The rise of vaccine virtue-signalling

25 May 2021

3:00 PM

25 May 2021

3:00 PM

I’ve bemoaned the ‘no Tories please’ line on dating profiles many a time. Closed-minded and over-used, it’s a banal way for university freshers to virtue signal their wokeness. It’s a phase many go through, and, more’s the pity, do not all grow out of.

But as of late, a new, equally lacklustre profile-essential has emerged — one’s Covid vaccine record. Across the pond in the USA, where I’m currently based, twenty-somethings seem set on flaunting their team Pfizer, Moderna, or one-shot Johnson & Johnson credentials.

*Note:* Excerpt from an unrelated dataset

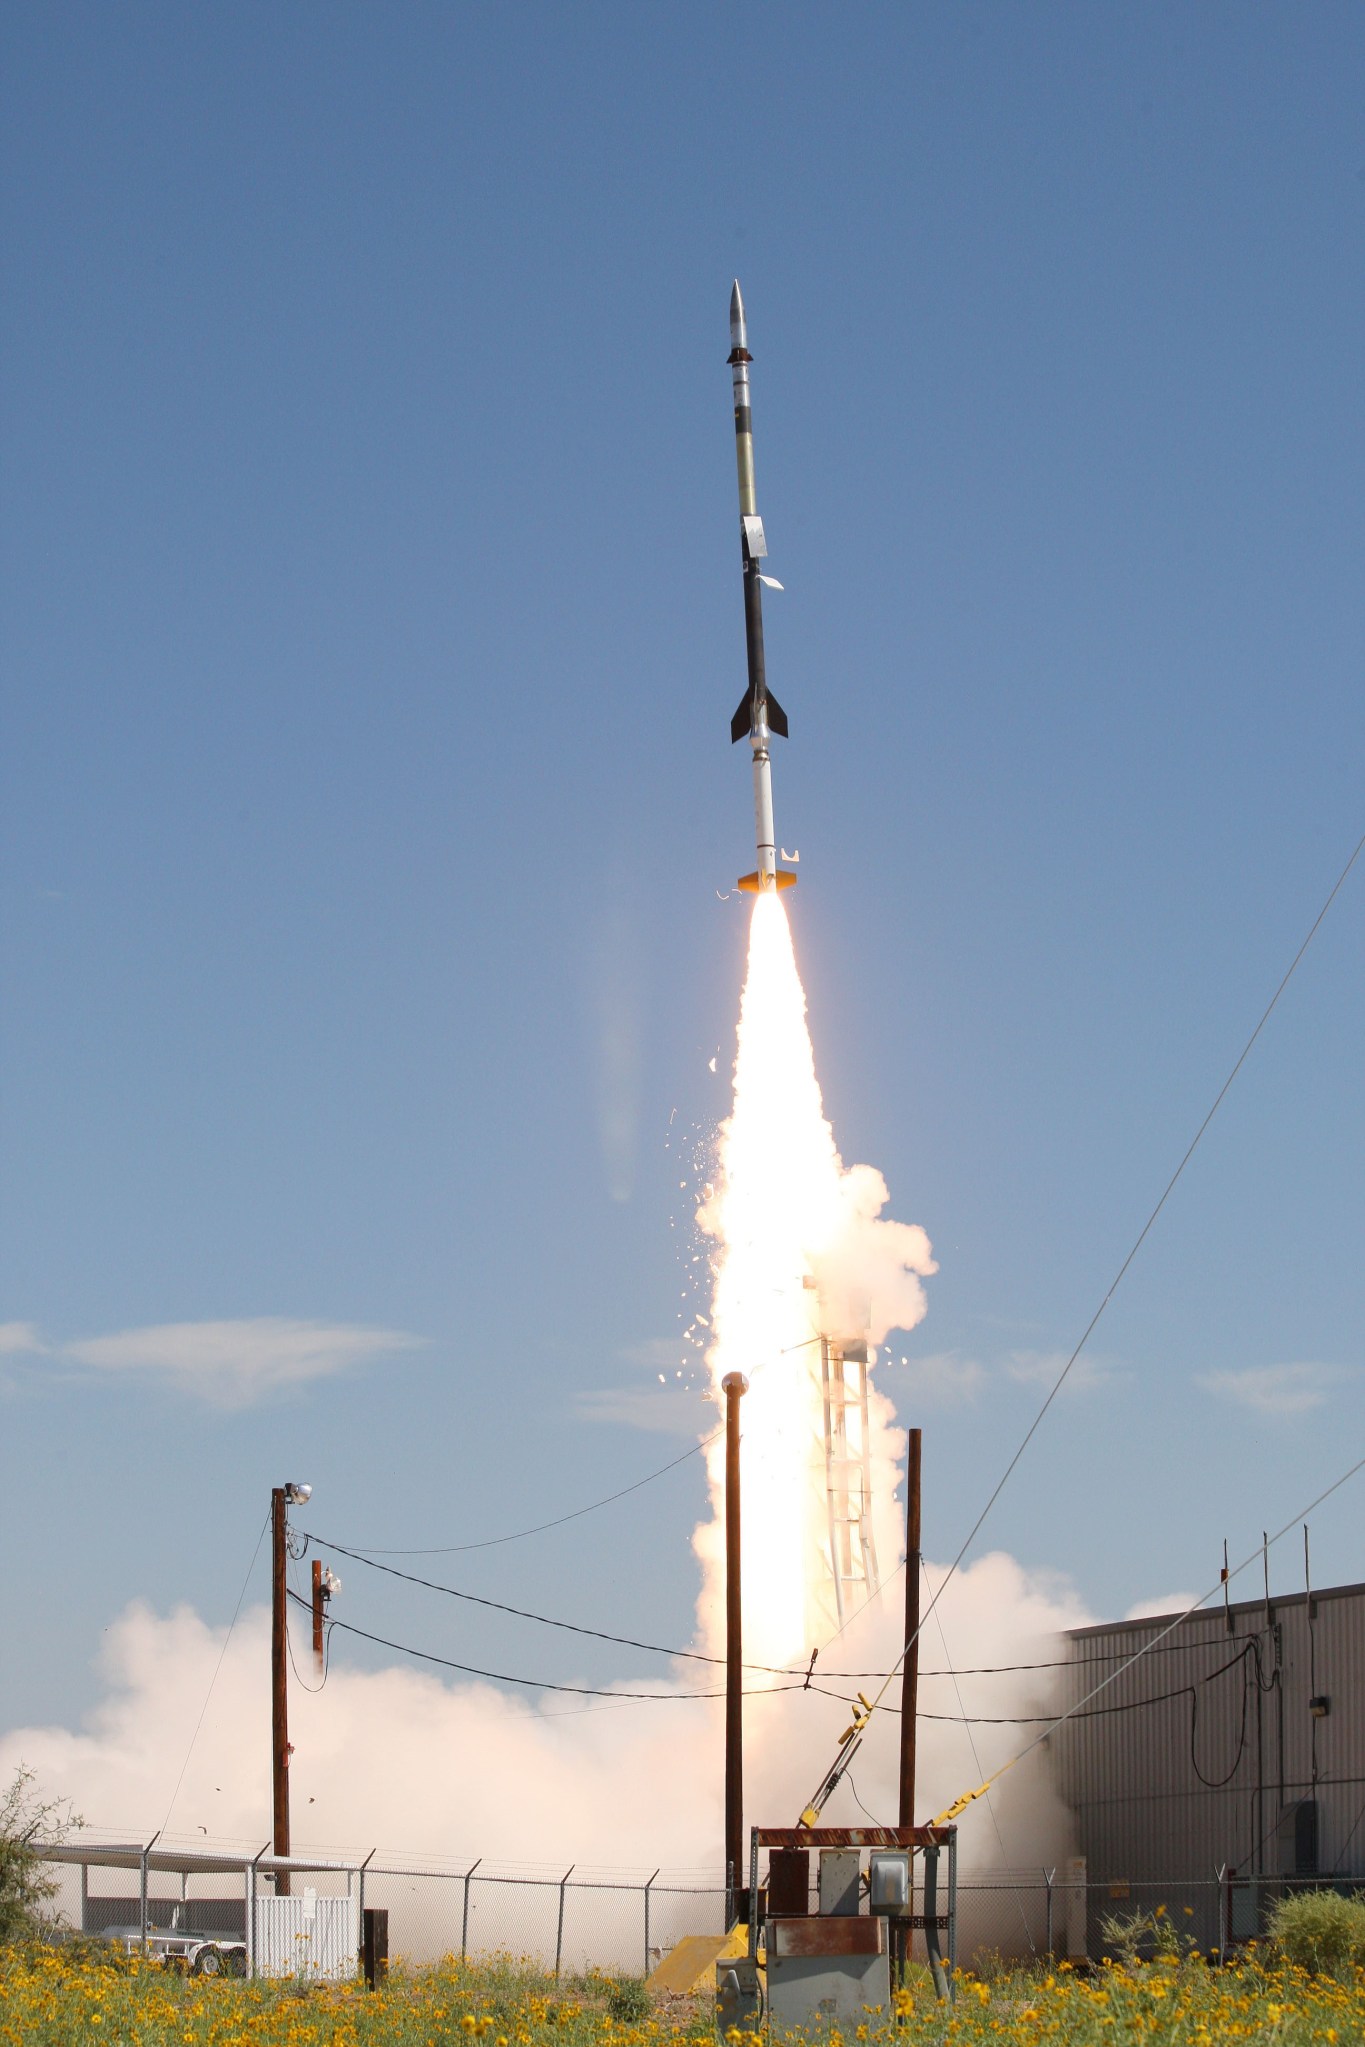 HERSCHEL sounding rocket launch; slender rocket taking flight against a blue-sky background
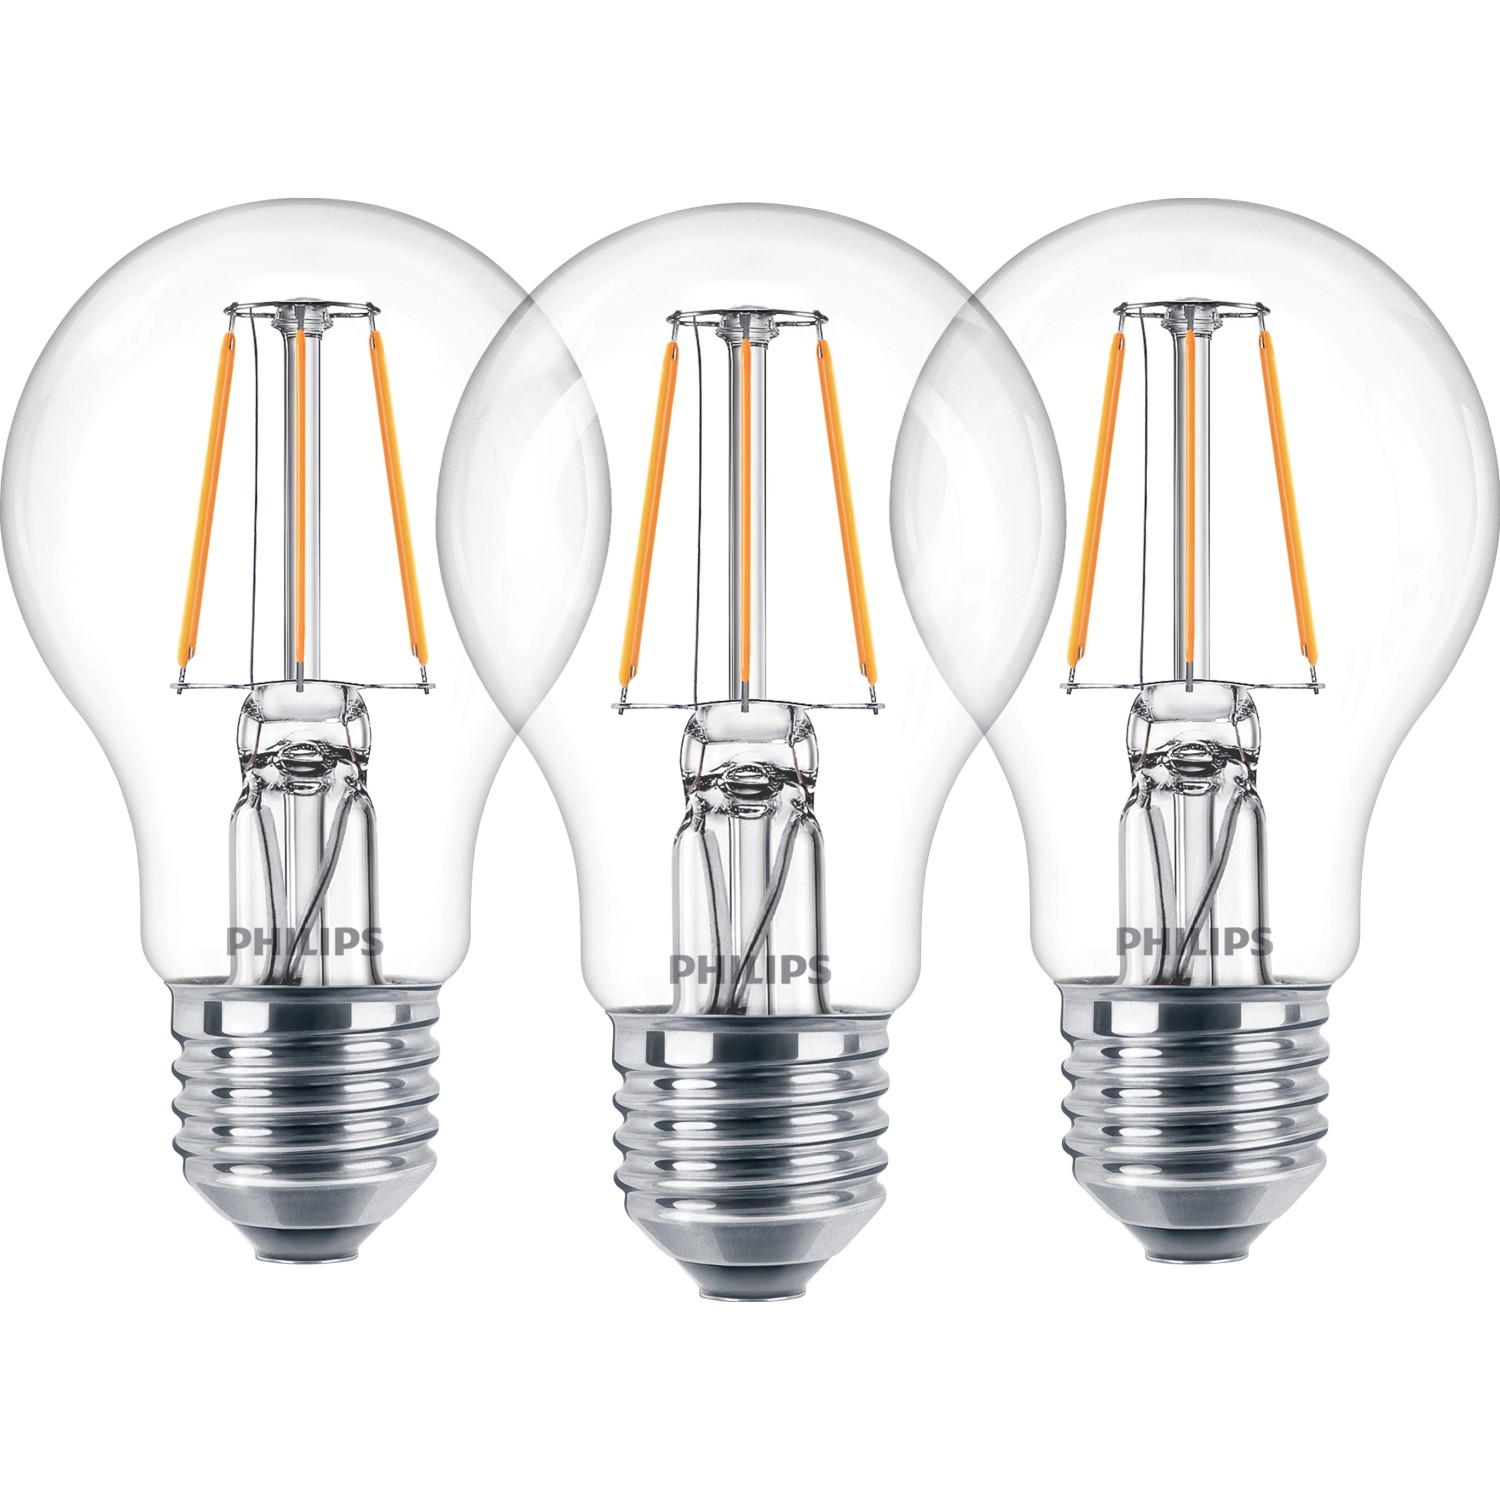 Philips LED-Lampe Glühlampenform 3er-Pack OBI W (470 Warmweiß bei E27/ kaufen A++ lm) EEK: 4,3

And this begs the question of why?

Because, to be quite honest, few things would make me swipe left faster.

Take Payne, a 23-year-old financial journalist, whose Hinge profile reads ‘I take pride in… my covid vaccine’. Are his accomplishments so few in number that getting an injection is noteworthy for him, or is he genuinely proud of the fact he’s rolled up his sleeve, joining the likes of millions of other vaccinated Americans? Either way, it’s a no from me. Or how about James, a law firm associate, whose appearance I can’t judge as his Hinge profile picture is a photo of his vaccine card?

Bumble’s hopefuls offer no greater originality of thought, with countless profiles listing ‘vaccinated’ in their bios. Curious, and probably a sign of me needing a few new hobbies, I decided to calculate just how common a trope this was. On average, I came across one profile a minute that included this one-worder, or a variant of. Some would-be daters even devote the entire ‘about me’ box to the issue.

Please let us not mistake a vaccine shot for a personality. If your response to ‘tell me about yourself’ features your medical history, you really aren’t selling yourself. In liberal, metropolitan New York, where everyone over 18 is eligible for the vaccine and it couldn’t be easier to find providers, antibodied lads and lasses should stop thinking they’re quite so special. It’s been a long year of inescapable Covid-this and Covid-that. I could do without your freshly jabbed arm as a conversation starter.

Of course, those inclined to give the young the benefit of the doubt will say this immunisation CV puts other singletons at ease. We must, after all, stay safe in these unprecedented times. Last week Andy Salvitt, a White House senior adviser on the response to Covid-19 announced that dating sites like Bumble, Tinder, and Hinge were ‘announcing a series of features to encourage vaccinations and help meet people who have that universally attractive quality: they’ve been vaccinated against Covid-19’. To such a chorus of cotton wool-wrapped kill joys, I say give me a break.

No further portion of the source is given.